Mengatasi arogansi pejabat dan menciptakan perubahan besar-besaran dalam pemerintahan membutuhkan pendekatan yang komprehensif dengan melibatkan masyarakat secara aktif. Salah satu langkah utama adalah penguatan transparansi, di mana pemerintah harus memberikan akses yang lebih luas kepada masyarakat untuk memantau data terkait kebijakan, anggaran, dan keputusan pejabat. Platform pelaporan online juga perlu dikembangkan agar masyarakat dapat melaporkan kasus arogansi atau penyimpangan secara anonim, dengan jaminan bahwa laporan tersebut akan ditindaklanjuti secara transparan. Selain itu, pendidikan etika bagi pejabat menjadi keharusan, melalui pelatihan reguler yang menanamkan nilai-nilai pelayanan publik dan mencegah perilaku arogan. Kampanye nasional tentang etika publik yang melibatkan tokoh masyarakat, influencer, dan media juga bisa menjadi cara efektif untuk mengedukasi pejabat sekaligus masyarakat tentang pentingnya perilaku etis dalam pemerintahan.

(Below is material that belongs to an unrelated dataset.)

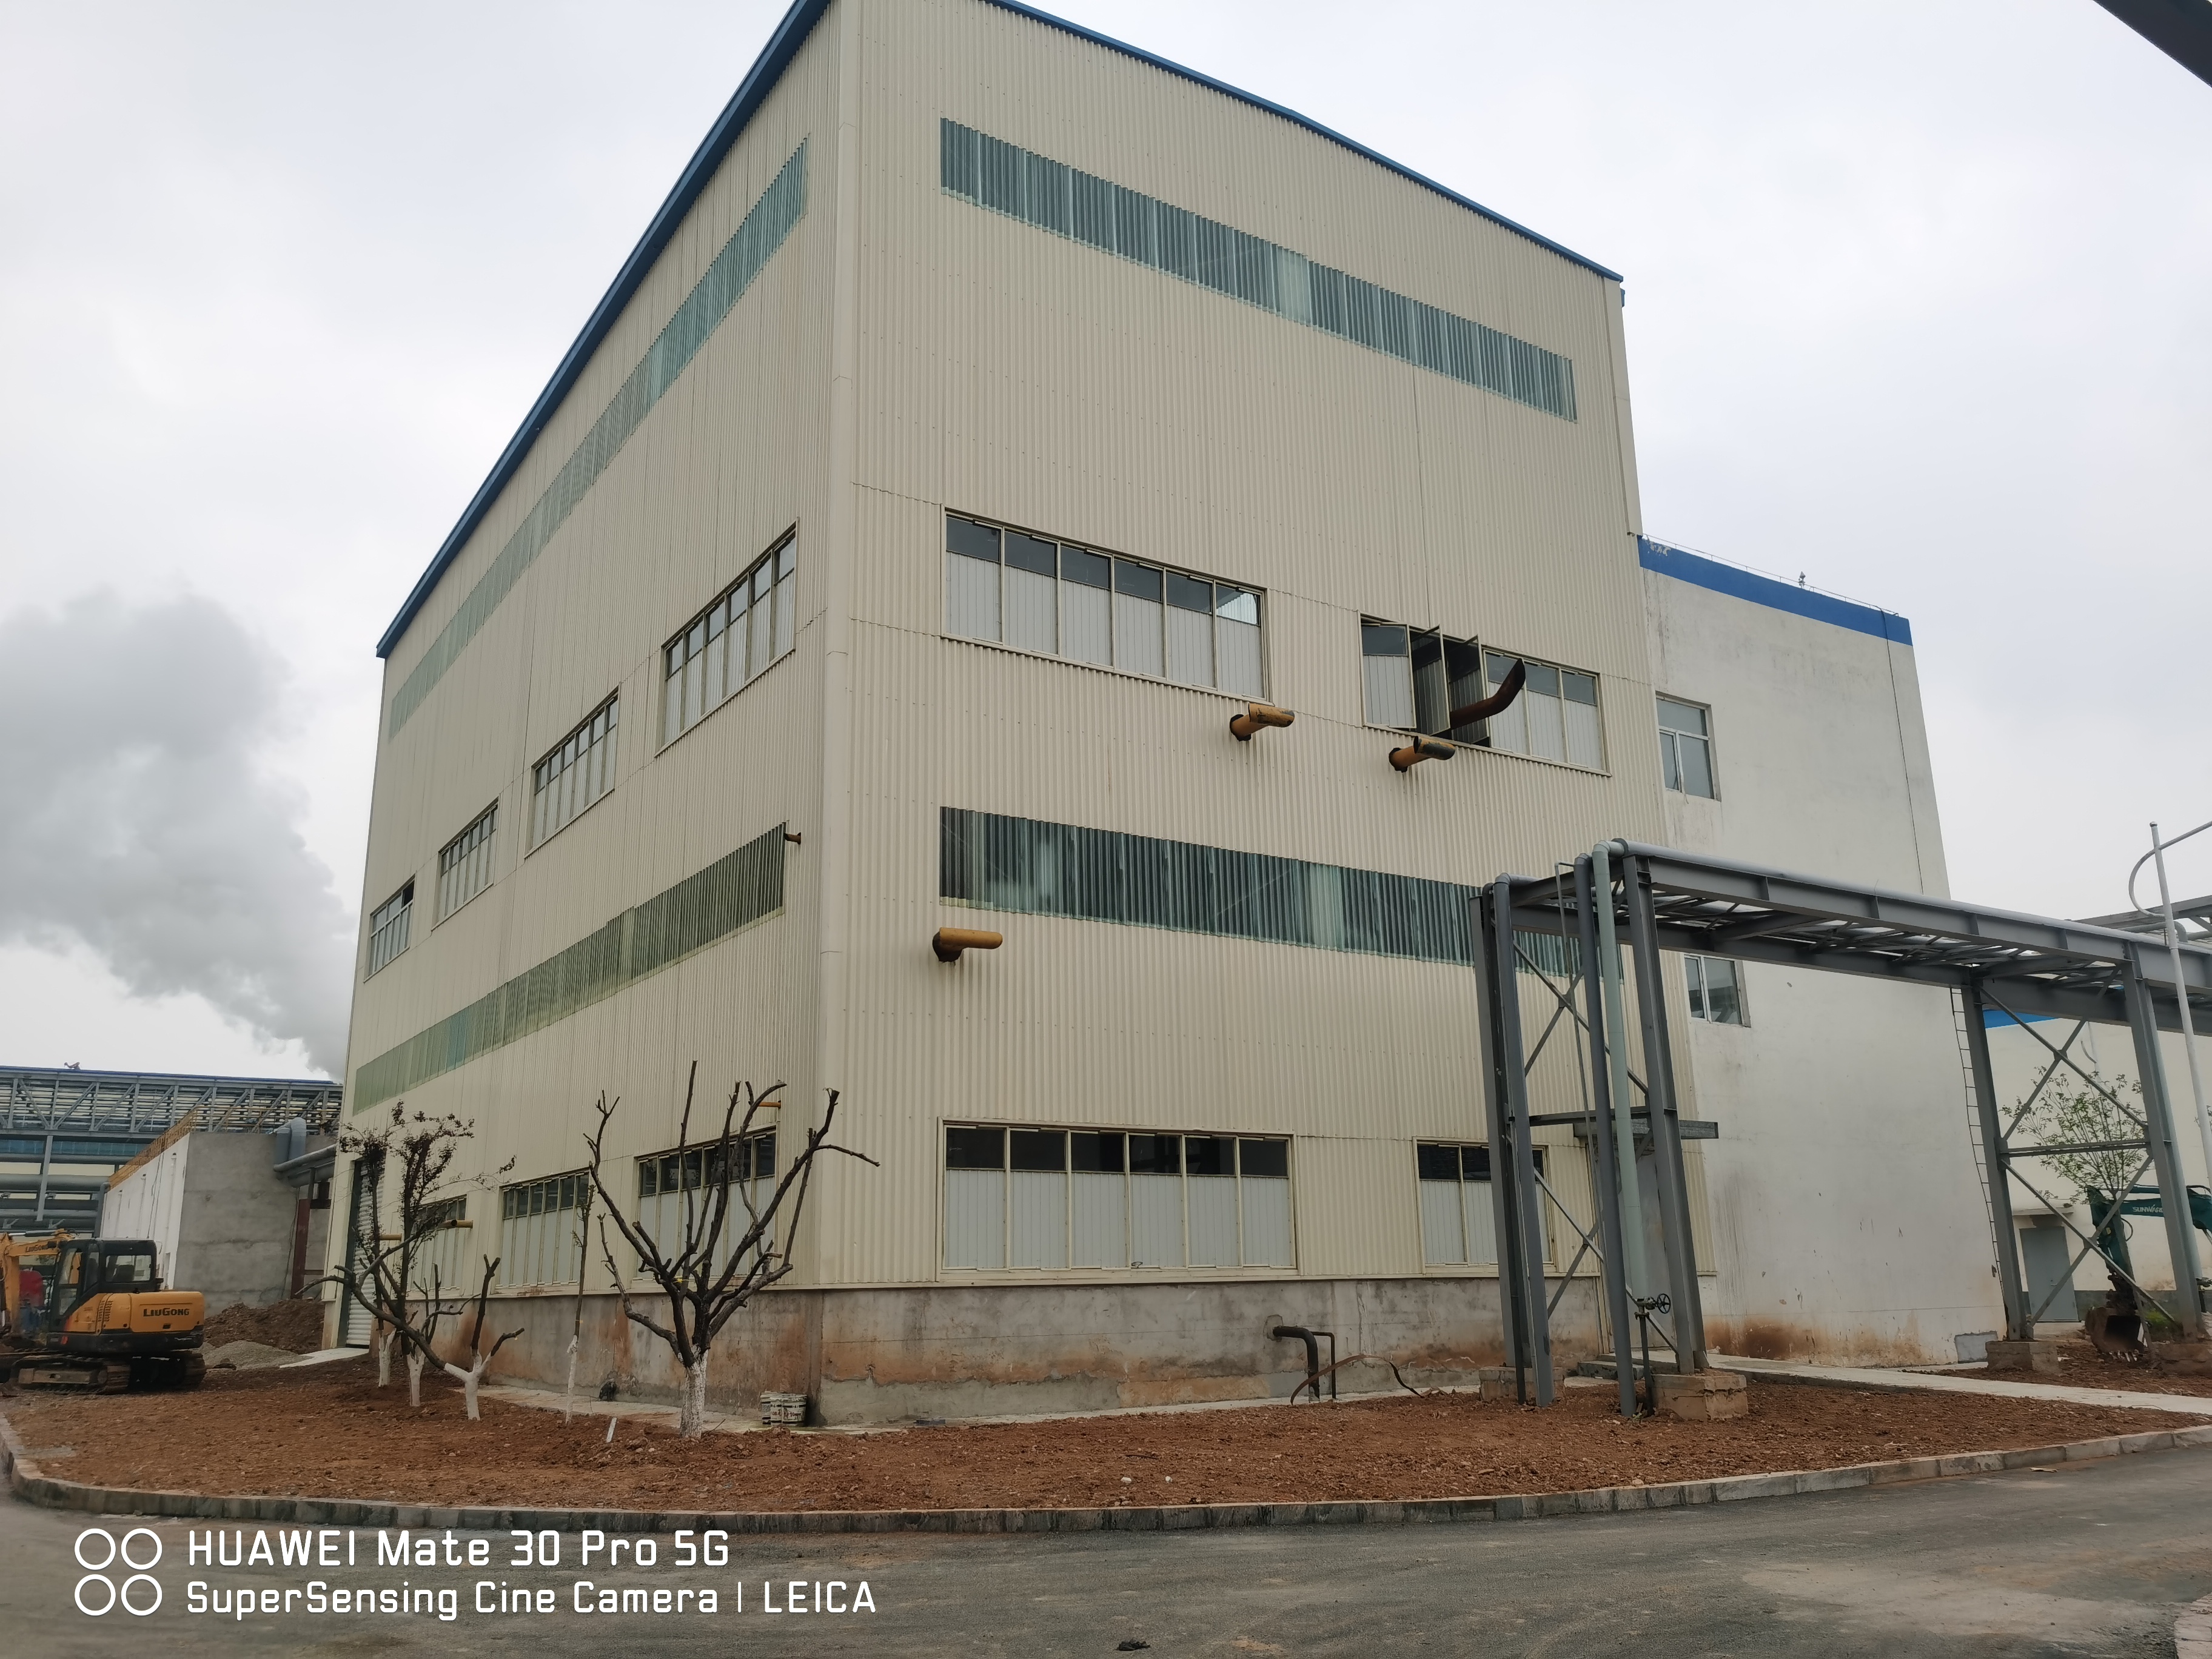 石家莊鋼鐵有限責任公司環保搬遷產品升級改造項目飽和蒸汽余熱發電工程

Penegakan hukum yang adil dan tegas harus menjadi prioritas. Sanksi tanpa pandang bulu, seperti pencopotan jabatan atau denda berat, harus diterapkan kepada pejabat yang terbukti bersalah. Kolaborasi dengan lembaga swadaya masyarakat (LSM) dan media juga diperlukan untuk mempublikasikan hasil investigasi kasus arogansi pejabat, sehingga memberikan efek jera yang nyata. Di sisi lain, netizen dapat berperan besar dalam memviralkan kasus-kasus semacam ini. Gerakan media sosial dengan tagar tertentu dapat menjadi wadah untuk menyuarakan aspirasi publik. Masyarakat juga dapat membagikan pengalaman mereka terkait arogansi pejabat dalam bentuk video, infografis, atau tulisan yang menyentuh hati, yang kemudian dapat diperkuat oleh para influencer untuk menjangkau audiens yang lebih luas.

Edukasi bagi masyarakat juga penting agar netizen memahami peran mereka dalam mendorong perubahan. Partisipasi publik yang aktif dapat dipupuk melalui konten edukatif di media sosial, webinar, atau podcast yang mengajarkan cara menyuarakan pendapat dengan berbasis fakta dan tanpa ujaran kebencian. Selain itu, literasi digital harus ditingkatkan agar kritik yang disampaikan netizen dapat membangun dan memengaruhi perubahan nyata. Untuk menjaga keberlanjutan reformasi, pengawasan publik terhadap perilaku pejabat dapat dilakukan melalui grup diskusi atau forum daring. Perkembangan reformasi, seperti pejabat yang berhasil diubah perilakunya atau kasus yang ditangani dengan tegas, juga perlu dipublikasikan untuk menunjukkan hasil nyata kepada masyarakat.

Dengan sinergi antara pemerintah, masyarakat, dan media, serta langkah-langkah yang terstruktur, arogansi pejabat dapat diminimalisasi. Partisipasi aktif netizen dalam memviralkan kasus arogansi, didukung dengan transparansi dan penegakan hukum yang tegas, menjadi kunci untuk menciptakan pemerintahan yang modern, profesional, dan benar-benar melayani rakyat. Suara masyarakat bukan hanya untuk memviralkan, tetapi juga untuk memastikan perubahan yang nyata terjadi.